Covid-19 : une BD de propagande chinoise enrubannée

11 avril 2020 0 commentaire
  • Pour retracer deux mois et demi de pandémie en Chine, le Quotidien du Peuple publie une bande dessinée numérique sous forme de rouleau. Au-delà de l'évidente propagande du Parti Communiste, la bande déploie un remarquable mélange entre traditions picturales et créations high tech.

Le 8 avril, la ville de Wuhan et ses onze millions d’habitants est sortie d’un sévère confinement de soixante-dix-sept jours. En général, le soulagement règne en Chine après deux mois de cauchemar que nous-même éprouvons aujourd’hui. Témoin de ce printemps tardif, ce curieux objet numérique diffusé par le Quotidien du Peuple (Renmin Ribao). Le vénérable journal, organe officiel du Parti Communiste depuis octobre 1949, sait utiliser les technologies modernes comme cette bande dessinée pour smartphones diffusée sur Internet.

Covid-19 : une BD de propagande chinoise enrubannée
© Renmin Ribao

En défilement horizontal l’Atlas anti-épidémique de la Chine – tel que Google traduit l’œuvre – offre un panorama des événements à Wuhan d’où la pandémie est partie et là où elle a frappé le plus fortement.
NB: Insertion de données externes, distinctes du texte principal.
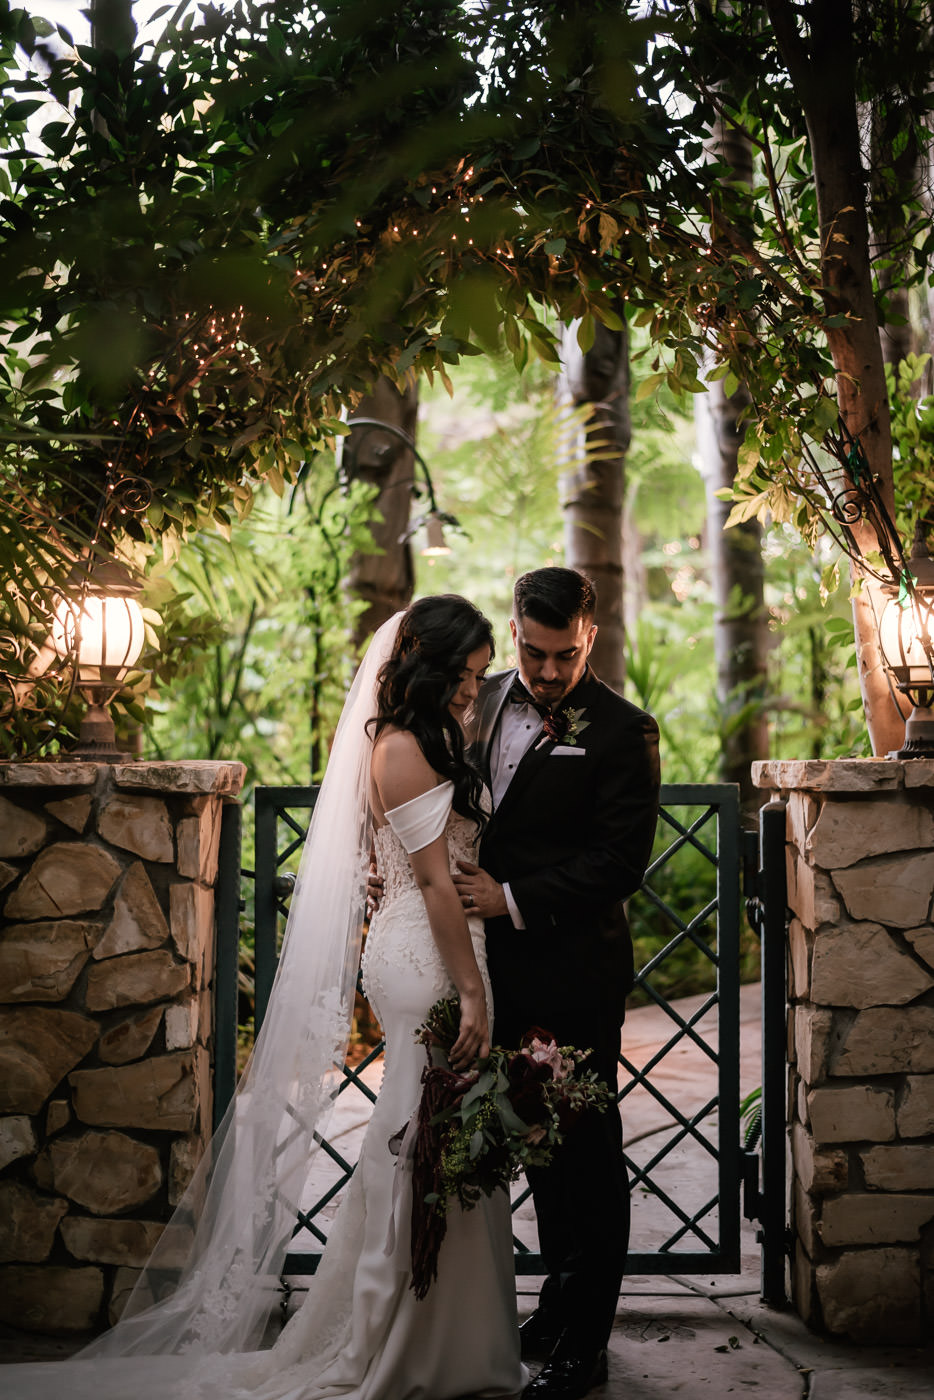 eden-gardens-wedding-photographer-romantic-82.jpg

Tout commence en gaieté par les fêtes du Printemps, ce que nous appelons le « Nouvel an chinois », qui commençaient cette année le 23 janvier. À cette occasion, des millions de personnes rejoignent leurs familles parfois à des milliers de kilomètres de leur domicile… Tel que le montre ce ruban de pixels, le virus a commencé sa propagation à cette date, forçant la réaction des autorités.

© Renmin Ribao

Ainsi, une famille de travailleurs migrants qui revient à son village natal après trois ans d’absence se voit étroitement contrôlée. Wuhan et sa majestueuse Pagode de la grue jaune qu’ils quittaient le temps d’une semaine de vacances est paralysée pour plus de deux mois.

Le récit dessiné montre la mobilisation du pays, la construction de deux hôpitaux en un éclair, l’envoi de volontaires venus de Chengdu, celui de masques de protection manquants dans la ville et arrivés par la route, le rail ou l’air… De nombreuses scènes dépeintes rappellent notre actualité, l’épuisement du personnel médical, l’enseignement à distance, la livraison de marchandises aux plus âgés et la lueur d’espoir qui apparaît.

On n’évite pas la mise en exergue de l’action « positive » de l’ensemble des rouages du Parti et de ses membres, tous cercles sociaux confondus, sortant vainqueur de la guerre contre le virus.

© Renmin Ribao

Style pompier, vision univoque, ce rouleau est une opération de propagande. Pas question ici d’évoquer par exemple, le Docteur Li emprisonné pour avoir alerté ses collègues sur l’apparition de la maladie dès décembre 2019.

L’œuvre en elle-même est une entreprise à grands moyens dont le générique affiche quatre éditeurs, autant de dessinateurs et deux scénaristes. Mais elle étonne par son efficacité, sa fluidité et son élégance et par la remarquable ingéniosité de ses créateurs à associer traditions ancestrales et technologies modernes.

© Renmin Ribao

Ainsi, photos retouchées et dessins réalistes s’appliquent au principe du récit dessiné sur rouleau, une forme d’art séquentiel qui remonte au dixième siècle, avec des exemples comme le fameux Jour de Qinming au bord de la rivière.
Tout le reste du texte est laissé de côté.